--- Brief ---
Skipping all pictures, print exactly the lines below from the one with "Els darrers planetes" through the final line.

Data provided Block Start

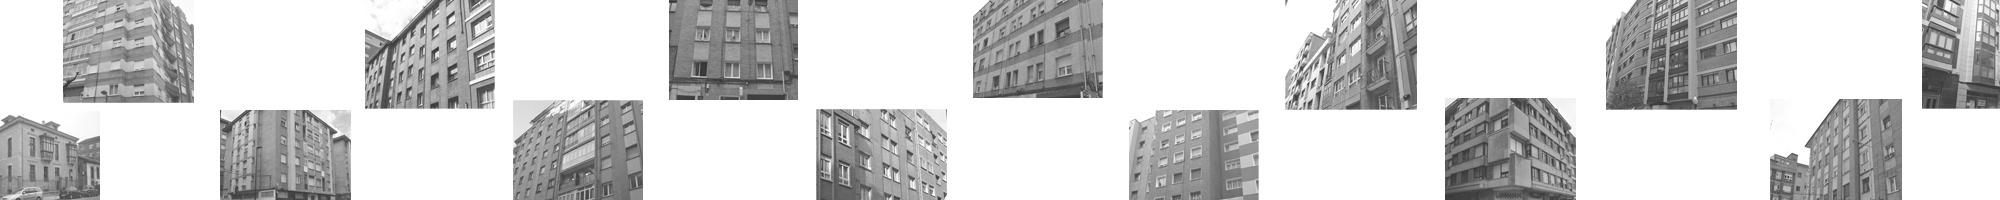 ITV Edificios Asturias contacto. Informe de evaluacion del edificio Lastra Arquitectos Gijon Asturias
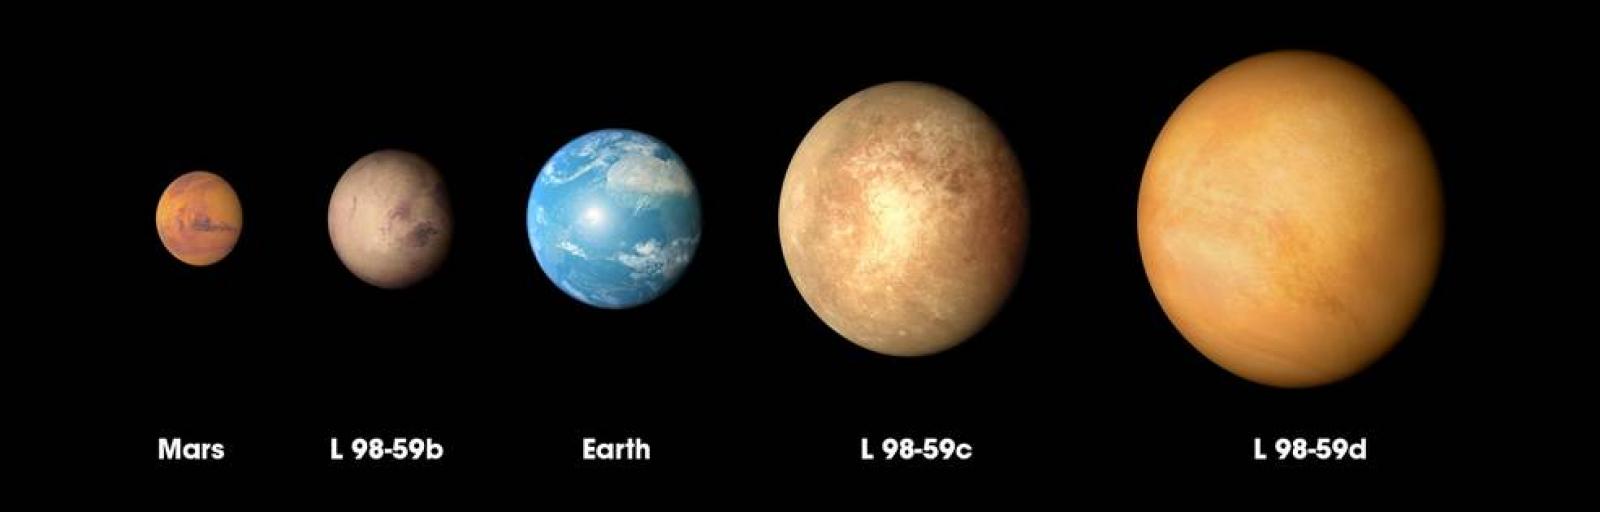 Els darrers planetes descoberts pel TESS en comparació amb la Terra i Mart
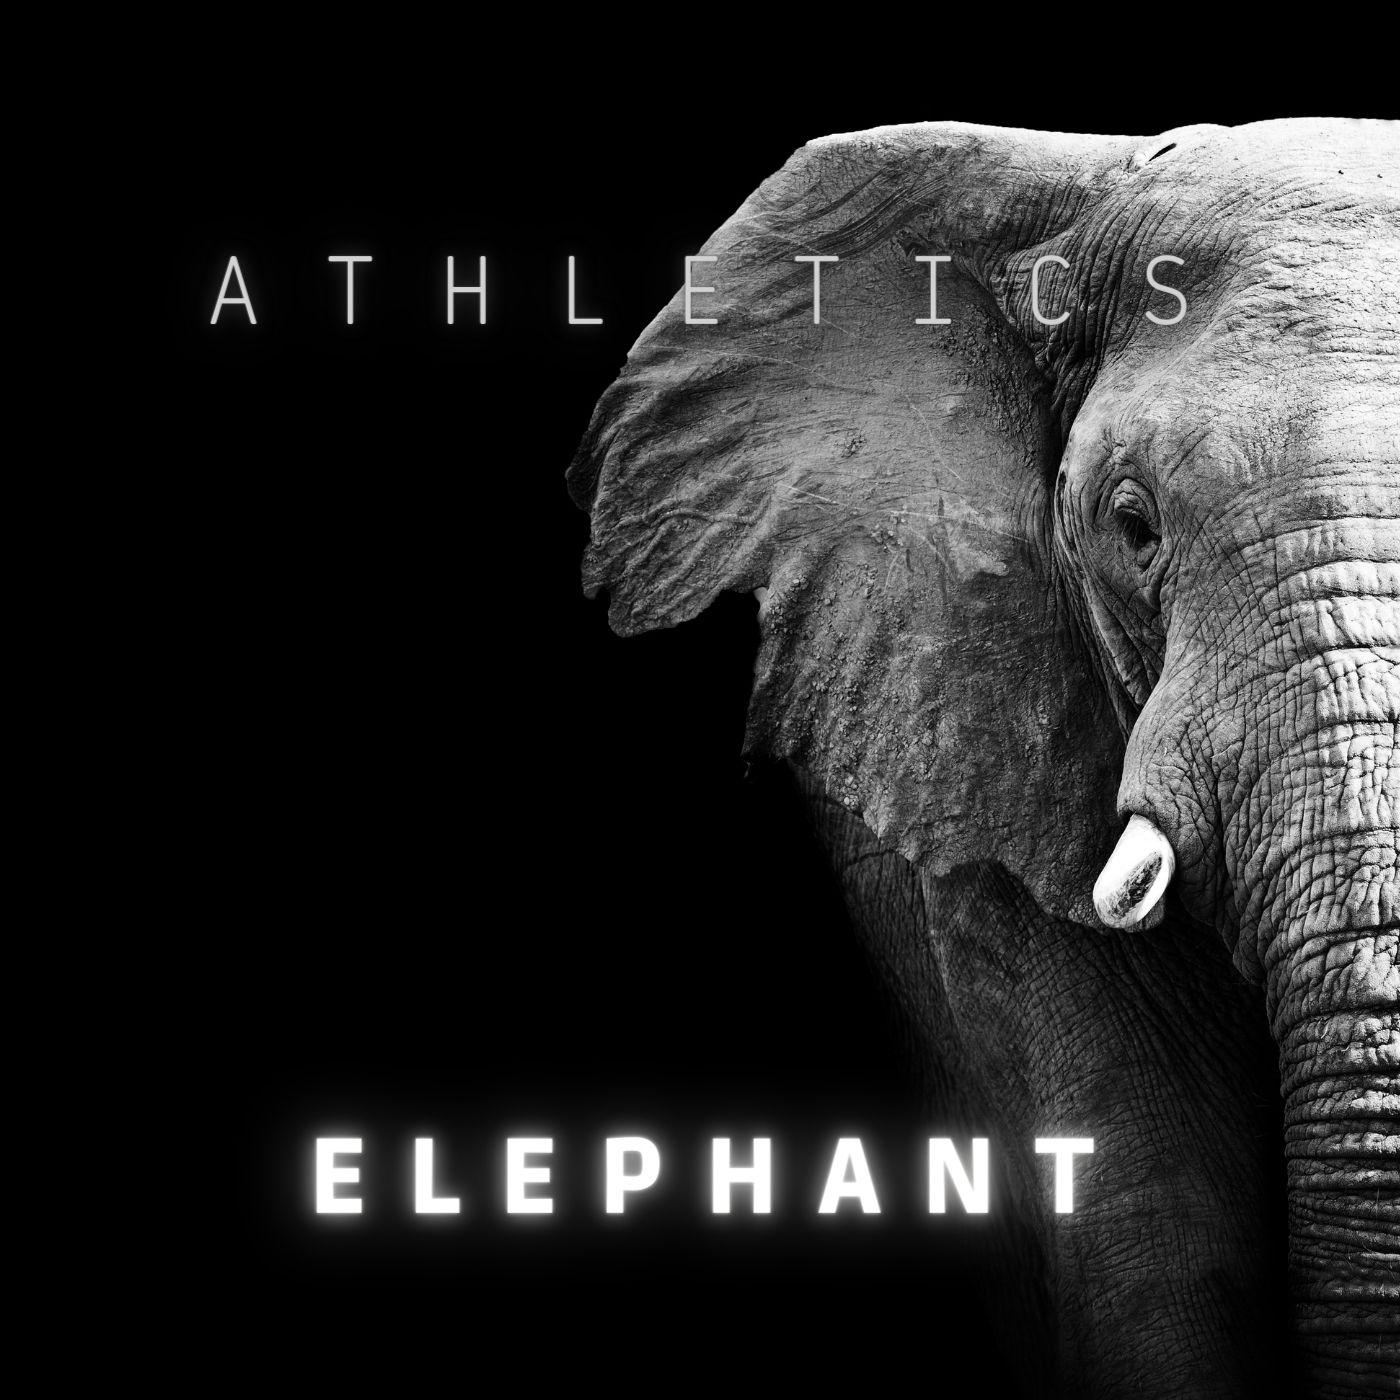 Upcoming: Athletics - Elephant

Data provided Block End

--- Response area ---
 Els darrers planetes descoberts pel TESS en comparació amb la Terra i Mart
 Upcoming: Athletics - Elephant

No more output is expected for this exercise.